The TiDB Cloud Lake JDBC driver requires Java 8 or later. If the minimum required version of Java is not installed on the client machines where the JDBC driver is installed, you must install either Oracle Java or OpenJDK.

Installation

Maven

Add following code block as a dependency

<dependency>
    <groupId>com.tidbcloud</groupId>
    <artifactId>lake-jdbc</artifactId>
    <version>0.4.6</version>
</dependency>

Build from source

Note: build from source requires Java 11+, Maven 3.6.3+

cd lake-jdbc
mvn clean install -DskipTests

Testing

Start the local integration test environment from tests/Makefile:

cd tests
make up
make test

The default make test command runs lake-jdbc tests only.
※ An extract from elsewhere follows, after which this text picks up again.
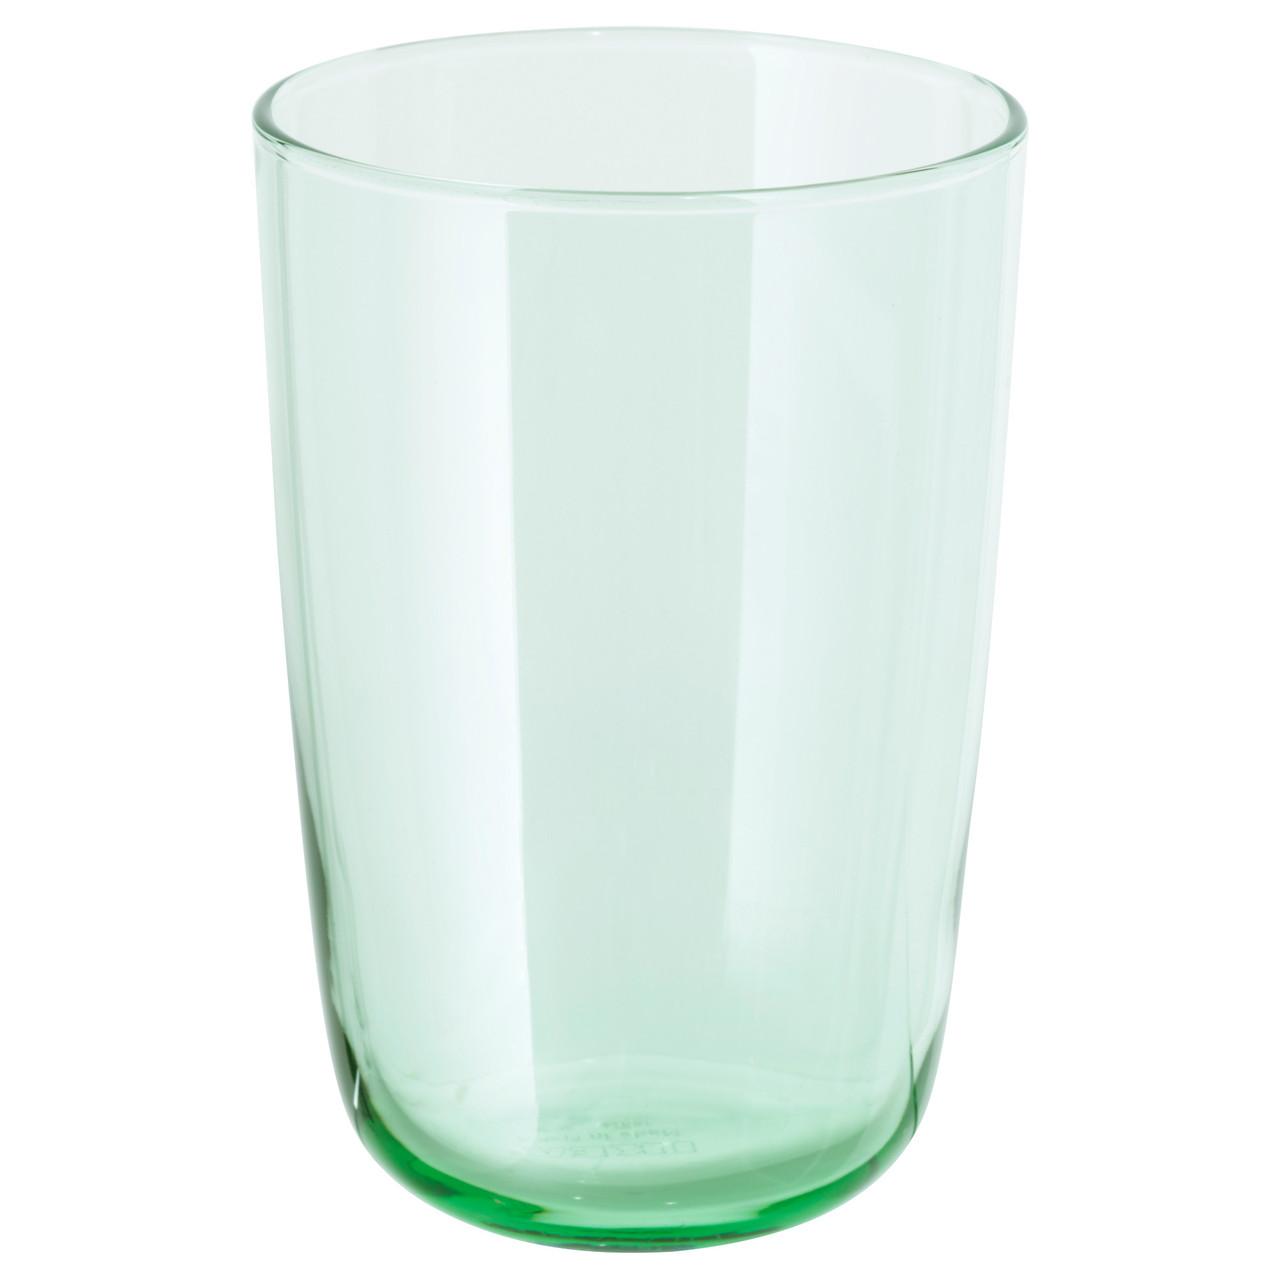 "ИКЕА ""ИНТАГАНДЕ"" Стакан, светло-зеленый. 460мл."

Run integration tests with Arrow

To run tests with Arrow result pages, set LAKE_JDBC_TEST_QUERY_RESULT_FORMAT=arrow:

cd tests
make test LAKE_JDBC_TEST_QUERY_RESULT_FORMAT=arrow TEST_MVN_ARGS='-Dgroups=IT -DexcludedGroups=FLAKY'

When Arrow mode is enabled through make test, the required JVM options are added automatically:

--add-opens=java.base/java.nio=ALL-UNNAMED
-Dio.netty.tryReflectionSetAccessible=true

If you run Maven directly instead of make test, you must set both the Arrow test environment variable and the JVM options yourself:

JAVA_TOOL_OPTIONS='--add-opens=java.base/java.nio=ALL-UNNAMED -Dio.netty.tryReflectionSetAccessible=true' \
LAKE_JDBC_TEST_QUERY_RESULT_FORMAT=arrow \
mvn -pl lake-jdbc test -Dgroups=IT -DexcludedGroups=FLAKY

CI note:

  • Standalone Test runs the regular suite and an extra Arrow IT pass.
  • Cluster Tests runs the regular suite and an extra Arrow IT pass for each cluster matrix entry.
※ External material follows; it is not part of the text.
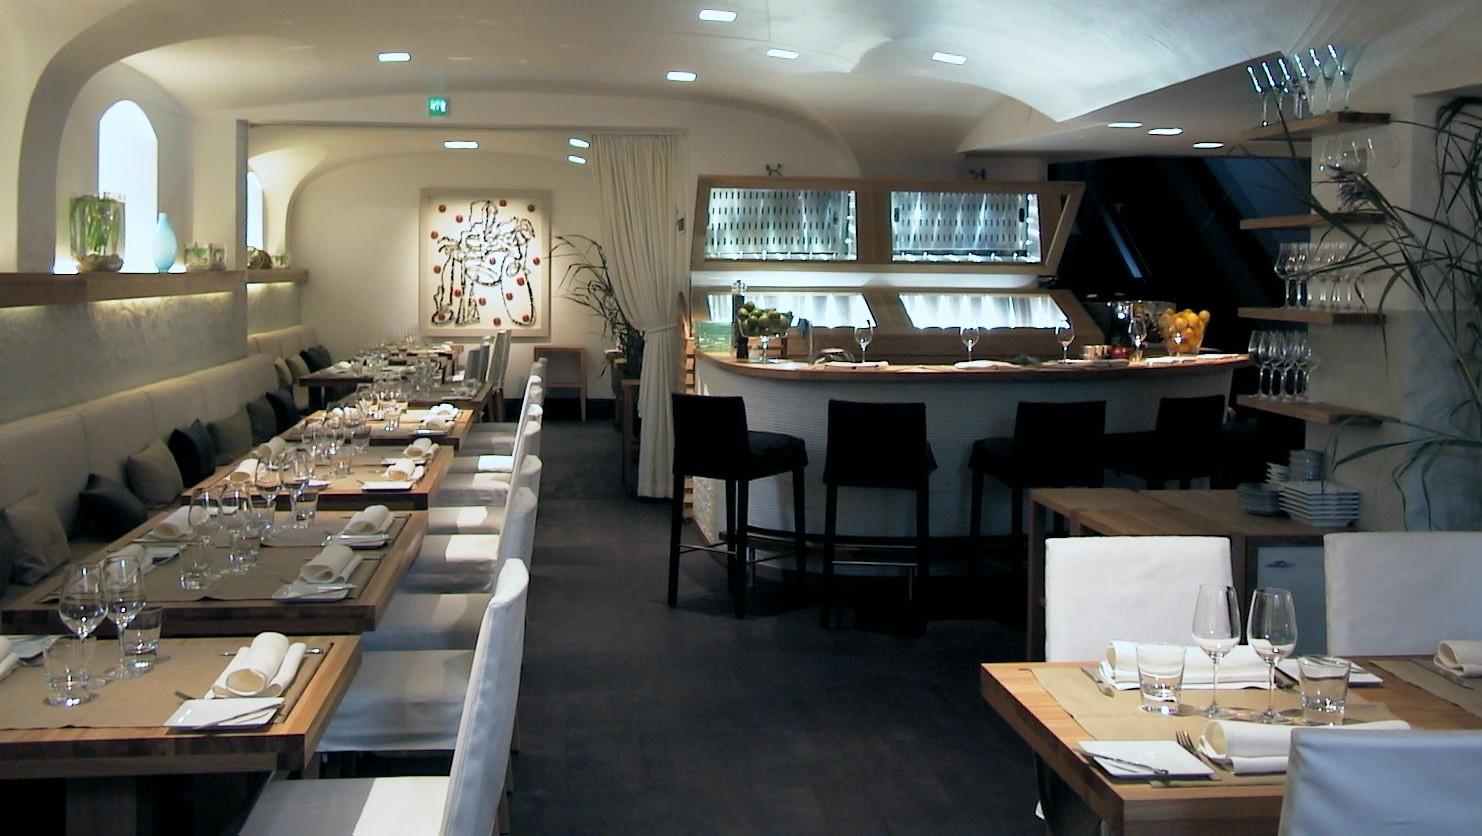 Restaurant-Fishmarket-Helsinki-GI-Project-4

Download jar from maven central

You can download the latest version of the lake-jdbc driver here.

How to use

Set the connection environment variables before running the examples:

export LAKE_JDBC_URL='jdbc:lake://host:443/default?warehouse=your-warehouse&ssl=true&sslmode=enable'
export LAKE_JDBC_USER='user'
export LAKE_JDBC_PASSWORD='password'
import java.sql.Connection;
import java.sql.DriverManager;
import java.sql.ResultSet;
import java.sql.SQLException;
import java.sql.Statement;

public class Main {
    private static Connection openConnection() throws SQLException {
        String url = System.getenv("LAKE_JDBC_URL");
        String user = System.getenv("LAKE_JDBC_USER");
        String password = System.getenv("LAKE_JDBC_PASSWORD");
        return DriverManager.getConnection(url, user, password);
    }

    public static void main(String[] args) throws SQLException {
        try ( Connection conn = openConnection();
              Statement statement = conn.createStatement()
            ) {
            statement.execute("SELECT number from numbers(200000) order by number");
            try(ResultSet rs = statement.getResultSet()){
                // ** We must call `rs.next()` otherwise the query may be canceled **
                while (rs.next()) {
                    System.out.println(rs.getInt(1));
                }
            }
        }
    }
}

Important Notes

  1. Close Connection/Statement/ResultSet to release resources faster.
  2. Because the select, copy into, merge into are query type SQL, they will return a ResultSet object, you must call rs.next() before accessing the data. Otherwise, the query may be canceled. If you do not want get the result, you can call while(r.next(){}) to iterate over the result set.
  3. For other SQL such as create/drop table non-query type SQL, you can call statement.execute() directly.

Connection Parameters

For detailed references, please take a look at the following Links:

  1. Connection Parameters : detailed documentation about how to use connection parameters in a jdbc connection

JDBC Java type mapping

The Lake type is mapped to Java type as follows:

Lake Type Java Type
TINYINT Byte
SMALLINT Short
INT Integer
BIGINT Long
UInt8 Short
UInt16 Integer
UInt32 Long
UInt64 BigInteger
Float32 Float
Float64 Double
Decimal BigDecimal
String String
Date LocalDate
Timestamp ZonedDateTime
Timestamp_TZ OffsetDateTime
Interval Duration
Geometry byte[]
Bitmap byte[]
Array String
Tuple String
Map String
VARIANT String

Temporal types

we recommend using java.time to avoid ambiguity and set/get values via these APIs:

void setObject(int parameterIndex, Object x)
<T> T getObject(int columnIndex, Class<T> type)
  • TIMESTAMP_TZ and TIMESTAMP map to OffsetDateTime, ZonedDateTime, Instant and LocalDateTime (TIMESTAMP_TZ can return OffsetDateTime but not ZonedDateTime).
  • Date maps to LocalDate
  • When parameters do not contain a timezone, Lake uses the session timezone (not the JVM zone) when storing/returning dates on lake-jdbc ≥ 0.4.3 AND Lake server ≥ 1.2.844.
  • Interval map to java.time.Duration.

old Timestamp/Date are also supported, note that:

  • getTimestamp(int, Calendar cal) is equivalent to getTimestamp(int) (the cal is omitted) and getObject(int, Instant.classes).toTimestamp()
  • setTimestamp(int, Calendar cal) is diff with setTimestamp(int), the epoch is adjusted according to timezone in cal
  • setDate/getDate still use the JVM timezone, getDate(1) is equivalent to Date.valueOf(getObject(1, LocalDate.class)), setDate(1, date) is equivalent to setObject(1, date.toLocalDate()).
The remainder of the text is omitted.